Derrida’s proof that writing is prior to speech is, according to Searle, “based on a redefinition” (p. 76) of writing. But in “Signature Event Context,” an essay to which Searle responded in the pages of Glyph, Derrida begins with the ordinary concept of writing and shows that all the properties by which this concept distinguishes writing from speech—particularly those that mark writing as secondary, derivative, and debased—are also properties of speech as ordinarily understood. According to Searle, Derrida’s concept of writing is not based on “actual empirical study.” He makes nothing of the fact that speech is spoken and writing written (what could be made of that?), and he does not attend to the persistence of written texts through time (p. 77). It is true that Derrida’s concern is structural, not empirical. And yet he is (of course) familiar with the facts Searle mentions—some of them are discussed in his reply to Searle (Glyph 2)—and shows how they can be explained (or discounted) by his concept of the structural coincidence of speech and writing. Derrida’s view of writing and its relation to speech is not a generalization from experience, but it does account for the facts. Better (in fact) than does the traditional view.

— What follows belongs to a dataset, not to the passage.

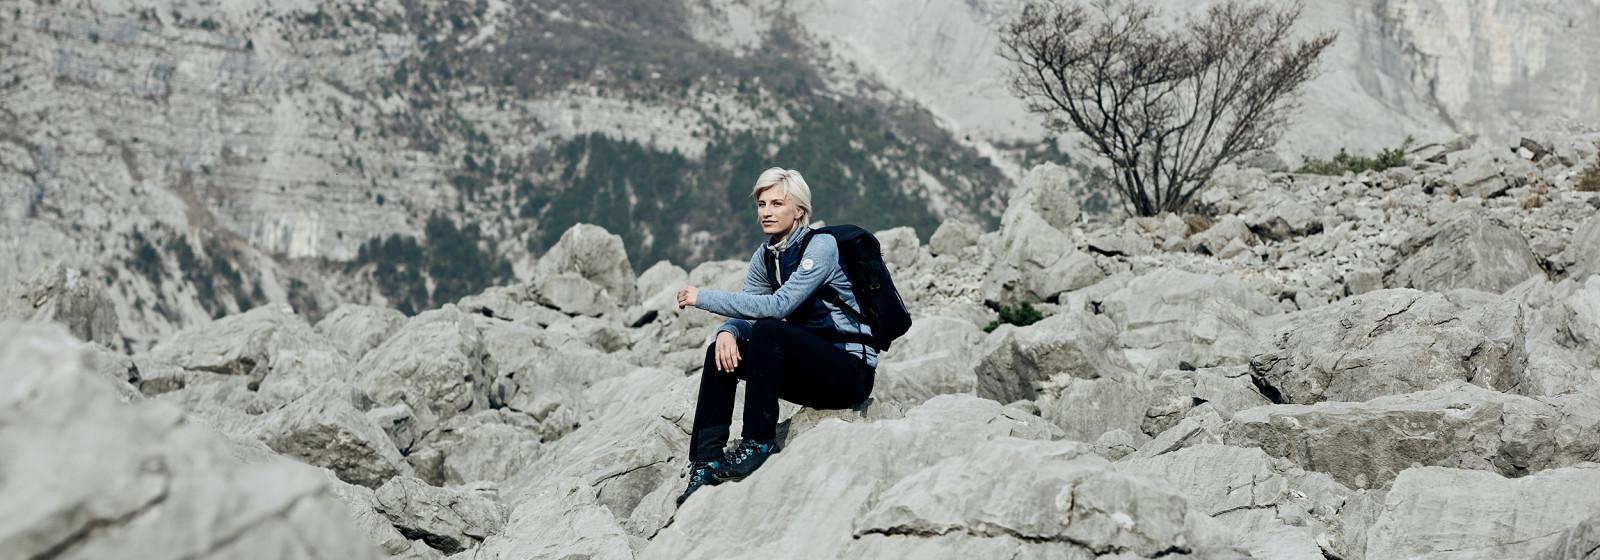 Imagefoto mit dem LAVENA II GTX Ws, Image Shooting Gardasee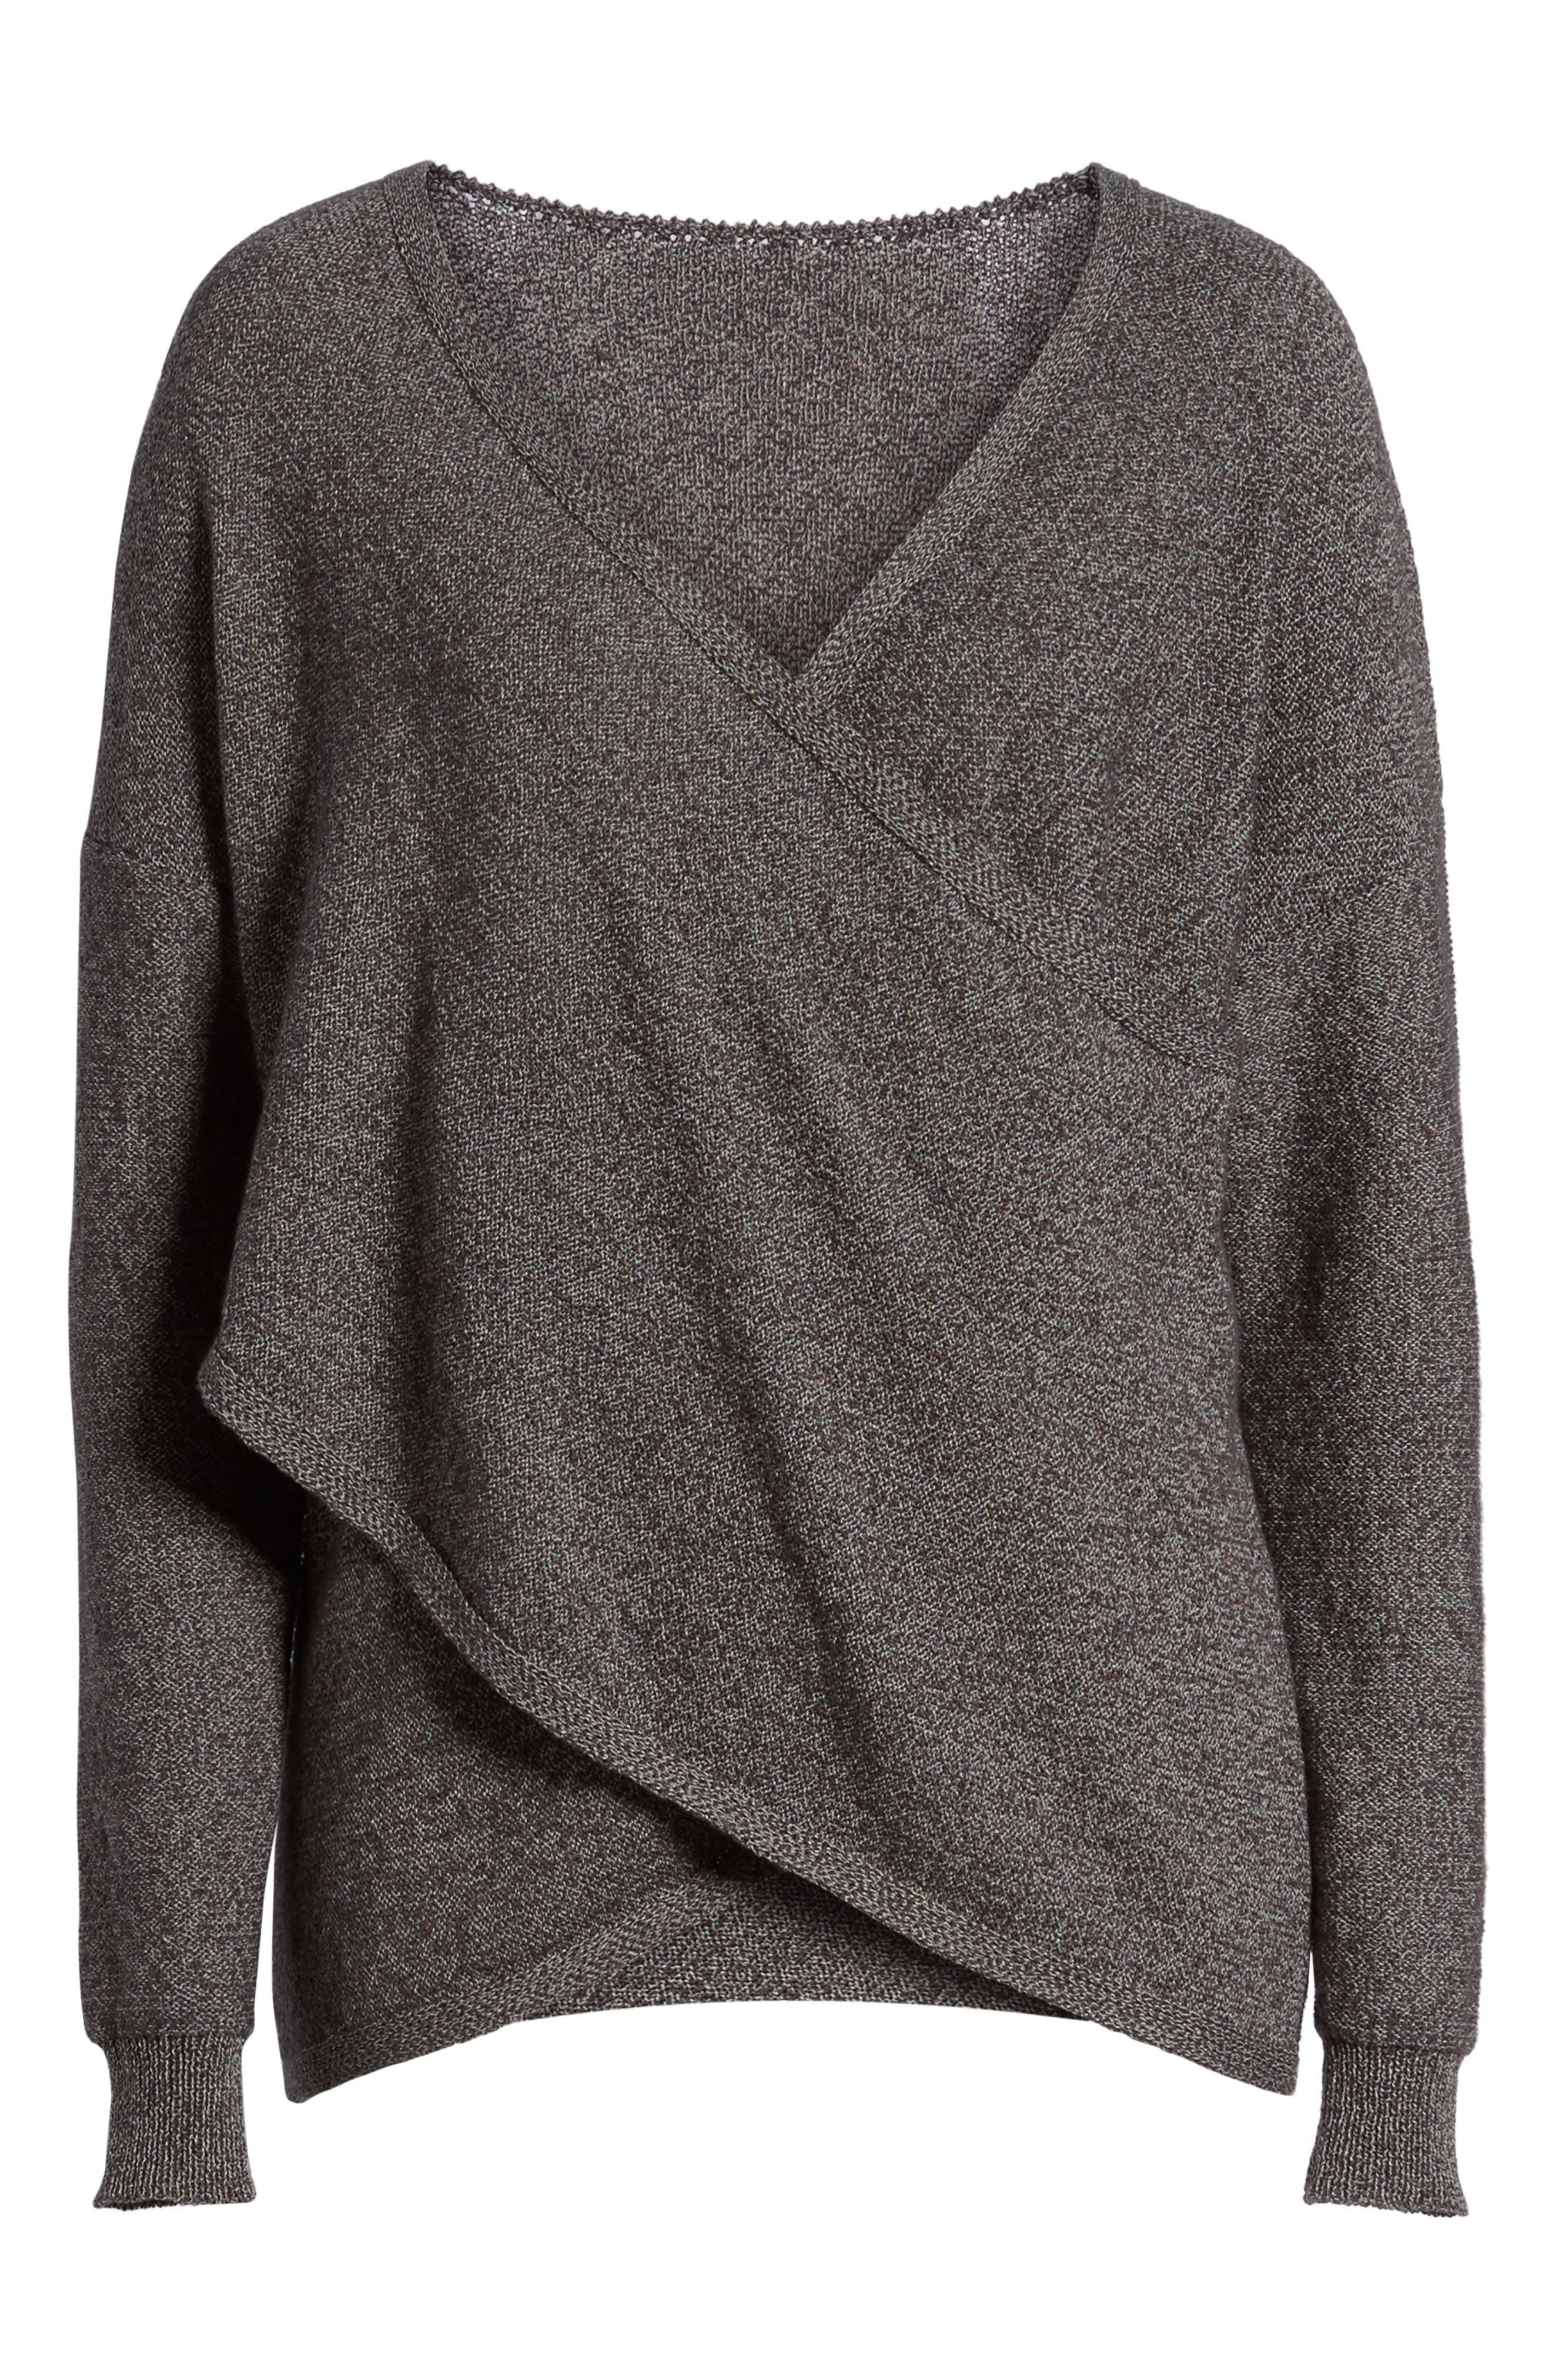 Lunar Surplice Sweater,                             Alternate thumbnail 6, color,                             020

In defense of his critique of Derrida, Searle advances two claims which, taken together, actually support deconstruction. Here is the first:

The distinction between speech and writing is simply not very important to Plato, Aristotle, Aquinas, Descartes, Kant, Spinoza, Leibniz, Hume, etc. [p. 75]

The second claim is that, from medieval developments of Aristotle’s logic down to modern symbolic logic,

philosophers have tended to emphasize written language as the more perspicuous vehicle of logical relations. [p. 75]

Now, if these claims are true (I shall not try to decide that), they strengthen rather than weaken the case for deconstruction. The first claim (like my mother’s refusal to regard libido as seriously different from affection) would provide evidence for what Derrida calls the repression of writing in the West. The second would testify to the philosophers’ continued dependence (nevertheless) on the writing whose difference (or differance) they had tried to repress.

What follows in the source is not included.